## Brief
Restate every line of the material below word for word, skipping the images.

## Provided material
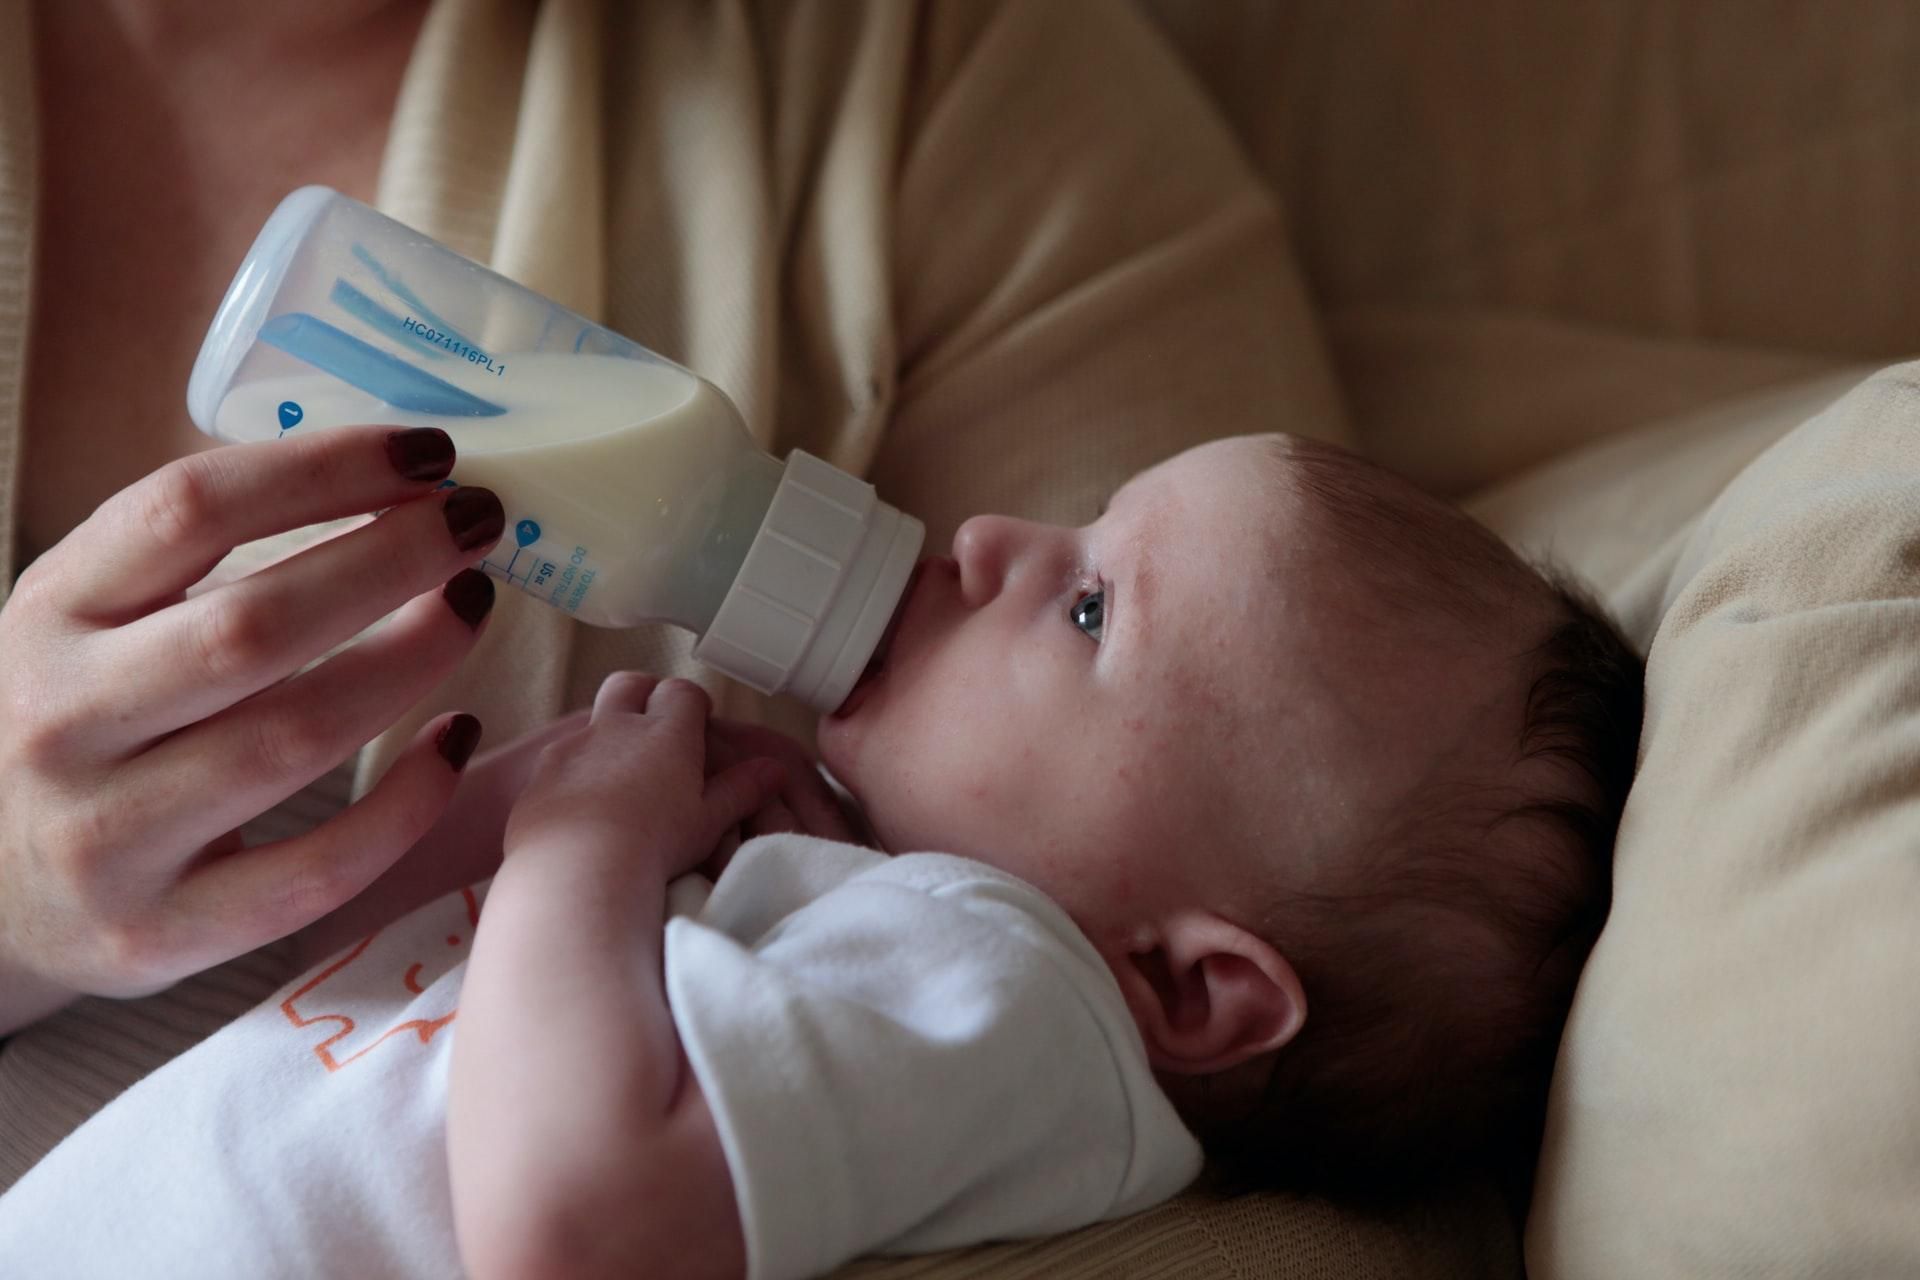 Младенцы, которых кормят из бутылочек, поглощают миллионы микропластиков: исследование
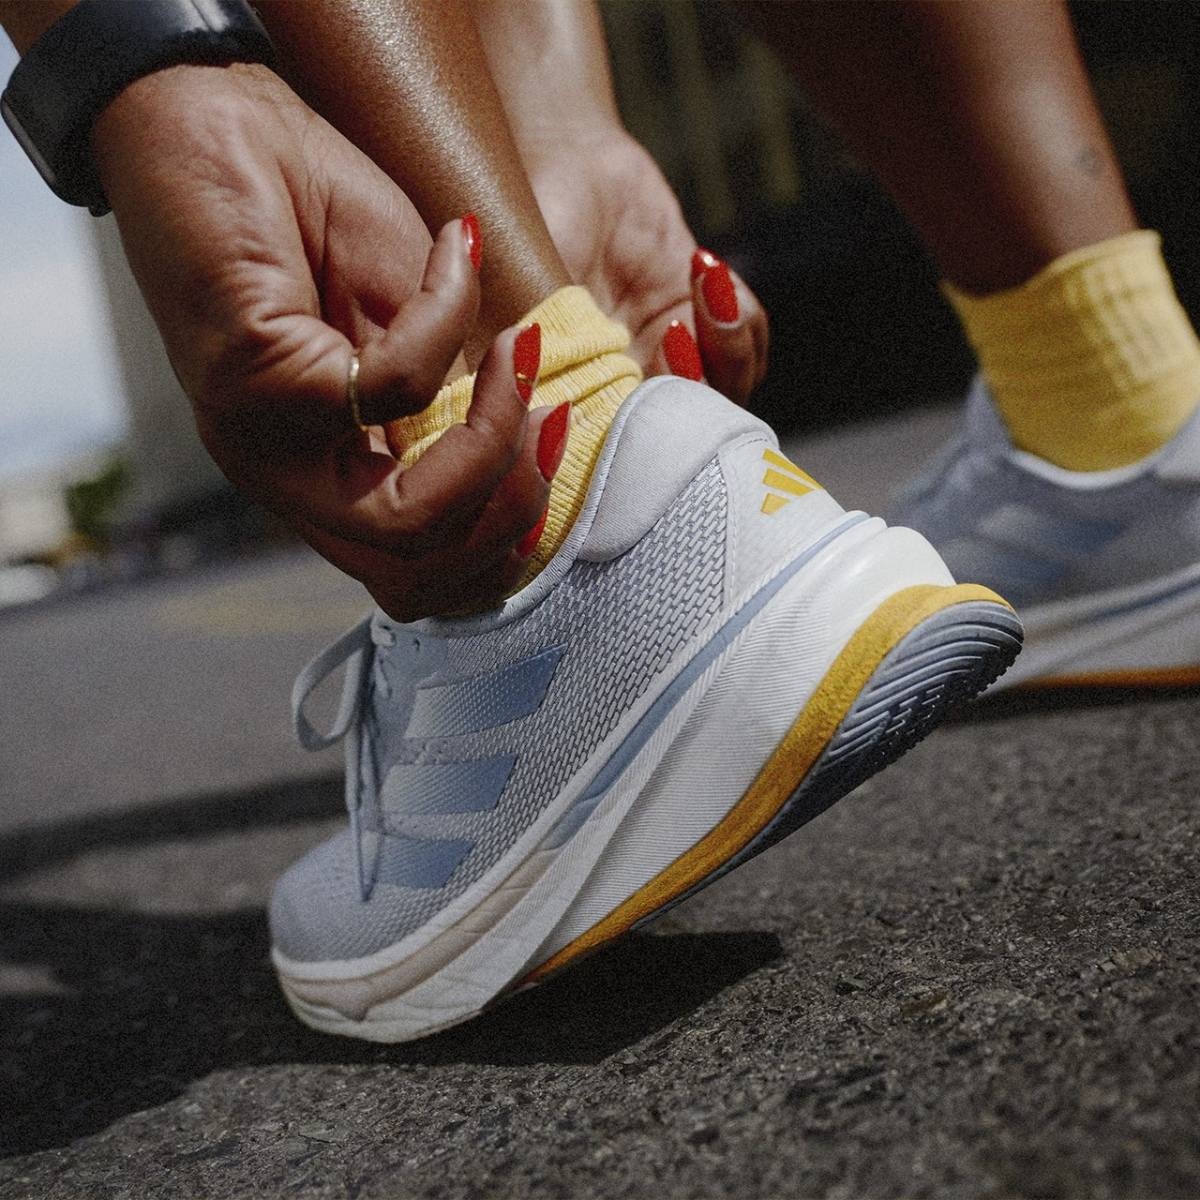 Adidas vuole avvicinarsi al runner più popolare con queste 3 nuove scarpe della linea Supernova
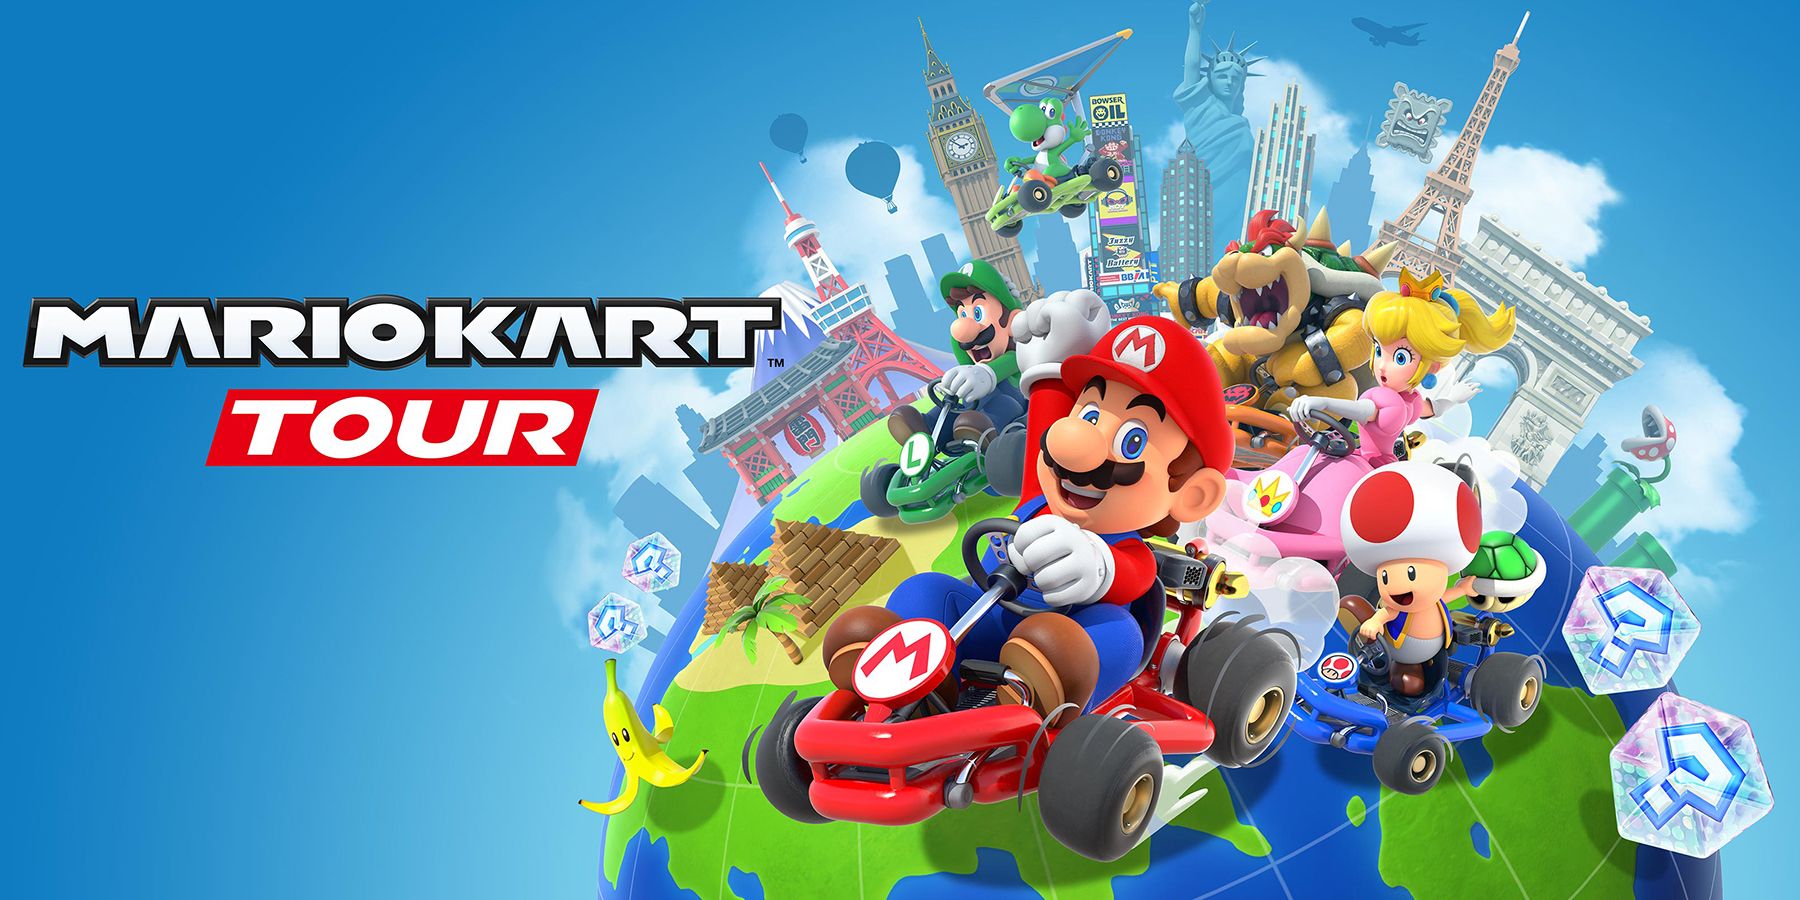 Mario Kart Tour mobile game

## Exercise output
 Младенцы, которых кормят из бутылочек, поглощают миллионы микропластиков: исследование
 Adidas vuole avvicinarsi al runner più popolare con queste 3 nuove scarpe della linea Supernova
 Mario Kart Tour mobile game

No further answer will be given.